A couple of years back, I did a road trip to Lansing to see her Broad Museum, which (I think) was her first work on this side of the water. Stunning is hardly the word. To be in this brand new building, which was immediately obvious to be one for the ages. Incredible.


This is just kinda proof that architecture is a pretty polarizing thing, and is very definitely in the eye of the beholder. Personally, I think the Broad Museum is something of an eyesore, and resembles nothing so much as an alien space ship landing pad. The angles of the building cause an incredible amount of useless space inside the building. The exterior with the stainless and angled edges are notorious for causing all sorts of glare issues for people in the student services building across the street from it. I'm willing to say it *could* have been reasonable if it was put in the right area of campus, but it just doesn't fit at all where it's at. Somewhere further south in the newer areas of campus would have made a lot more sense.

(Context for me, I can sorta see it from my office window, although the student services building does block most of my view of it. On a plus side, when you give directions to someone and tell them to turn right after they pass the alien landing pad, that is pretty effective for people to get to the right place :). I do find that the design is either a love it or hate it with people around here, there doesn't seem to be a lot of between viewpoints. And one of the letters in the sign at the Farm Lane entrance is mounted just a tad too high compared to the rest, which annoys me every time I walk by it.).
posted by piper28 at 12:43 PM on April 1, 2016


I wish more buildings looked like alien spaceship landing pads. Buildings of this class are engineering marvels, and there should be more opportunity to push the discipline further. Because I like engineering. And alien spaceship landing pads.

I can sympathize with the glare issues, but those are fixable.
posted by rhizome at 7:30 PM on April 1, 2016 [1 favorite]


I've often taught Hadid's oeuvre to my first year Architecture students and I just can't believe she's gone.

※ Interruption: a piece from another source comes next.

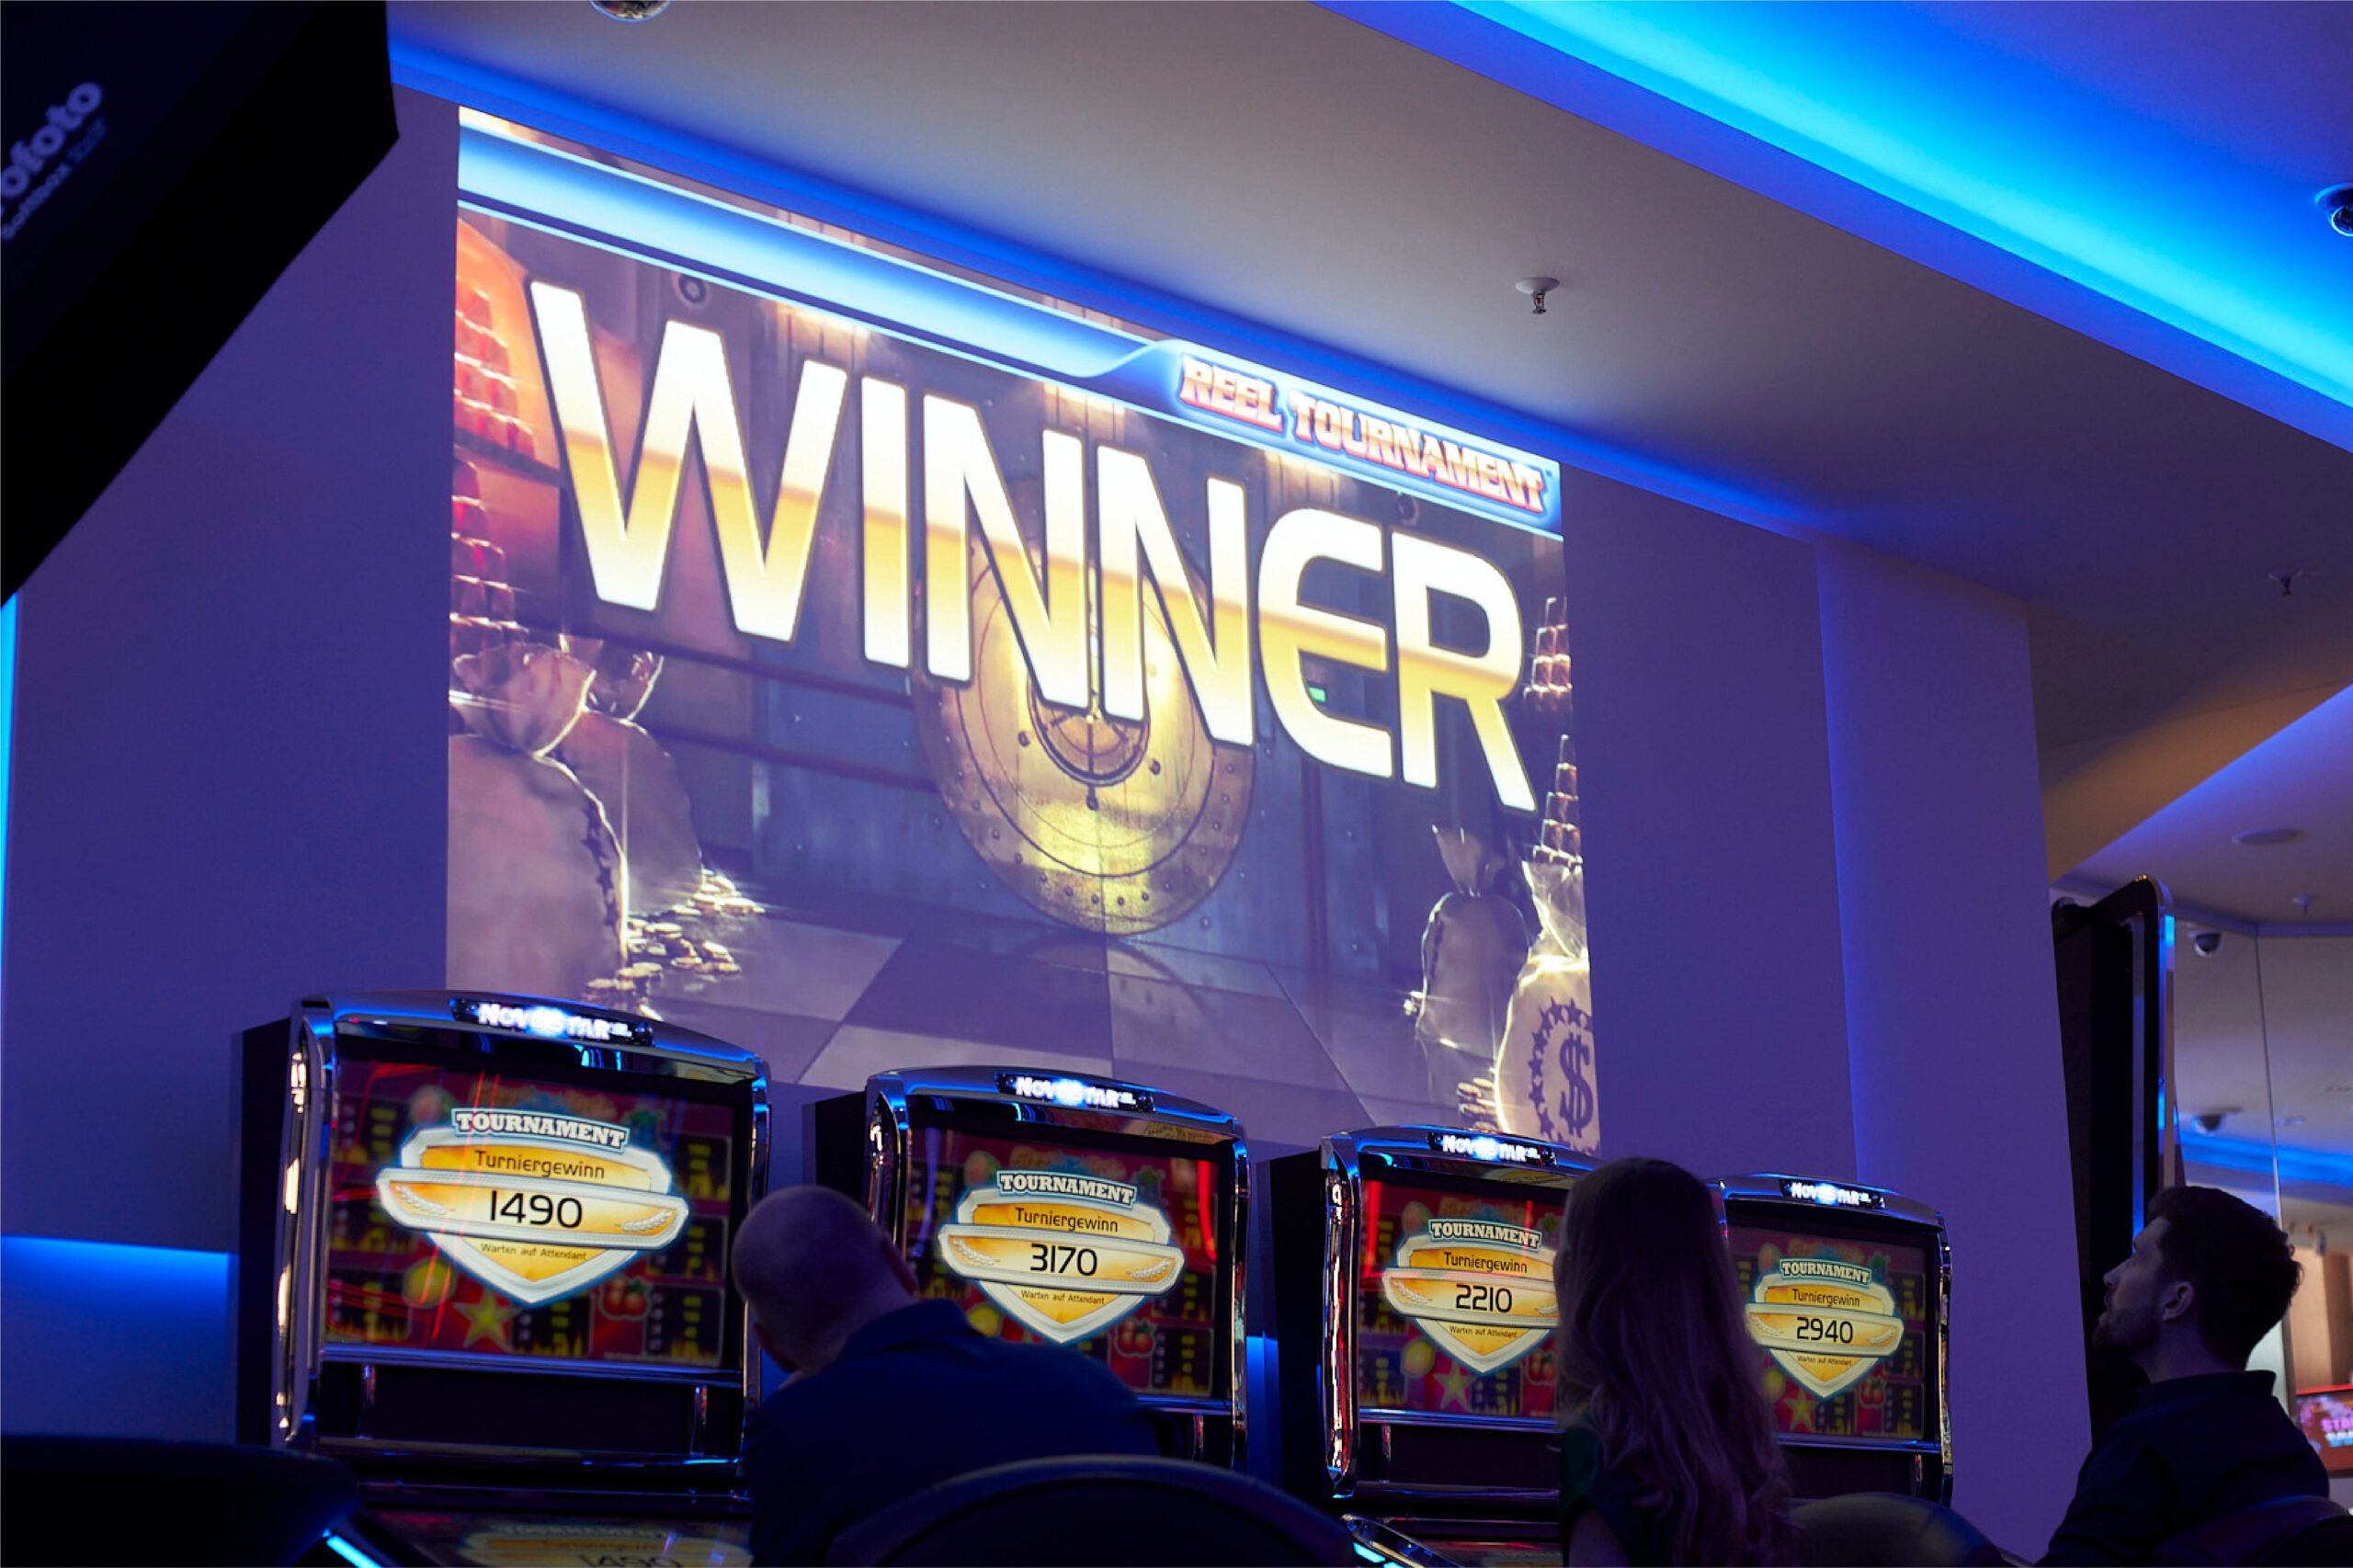 Winner-Anzeige über Spielautomaten von drei Spielern

My girlfriend and I sat (ensconced on Finn Juhl Pelican chairs, so sympathetic!) in Hadid's 2005 extension to the Ordrupgaard Museum in Charlottenlund, Denmark, on a snowy day last winter. It's hard to explain, but we -as two architecture/ Interior Architecture students- knew that we were being embraced by an incredibly human-friendly space. As Hadid says in her New Yorker interview about tracing lines via relationships to earth and human movement - you really do feel it as you inhabit the interior. Even the hard materiality of its lava concrete shell is like a shawl wrapping around you - the scale when you look at her larger civic works is still very much a human one. It's hard for me to say it feels feminine, because it's not just an achievement for women (Meier also creates intimacy from strong, stark materials) but we both felt the experience of the building understood us, and drew us into an almost ancient, primal reverie.

What a loss for the future of our design and imaginings of the built environment.
posted by honey-barbara at 12:25 AM on April 2, 2016 [7 favorites]


Economist obituary: Outside the rectangle.

"There were times Ms Hadid needed a hard shell. Her design for the Cardiff Bay Opera House won a competition against 268 entrants, but was torpedoed by a minority that didn’t like it—or her. The Heidar Aliyev centre she designed for Azerbaijan’s capital was called a monument to a dictator, a charge not often levelled at male peers in similar political environments. In 2014 the New York Review of Books retracted and apologised for a claim that there had been more than 1,000 deaths of migrants working on the site of a stadium she was building in Qatar. There had been no deaths, and construction had not even started. But the story was repeated by the BBC, so in a radio interview about her winning the Royal Gold Medal for Architecture, she rebutted the claim, then cut the interview short."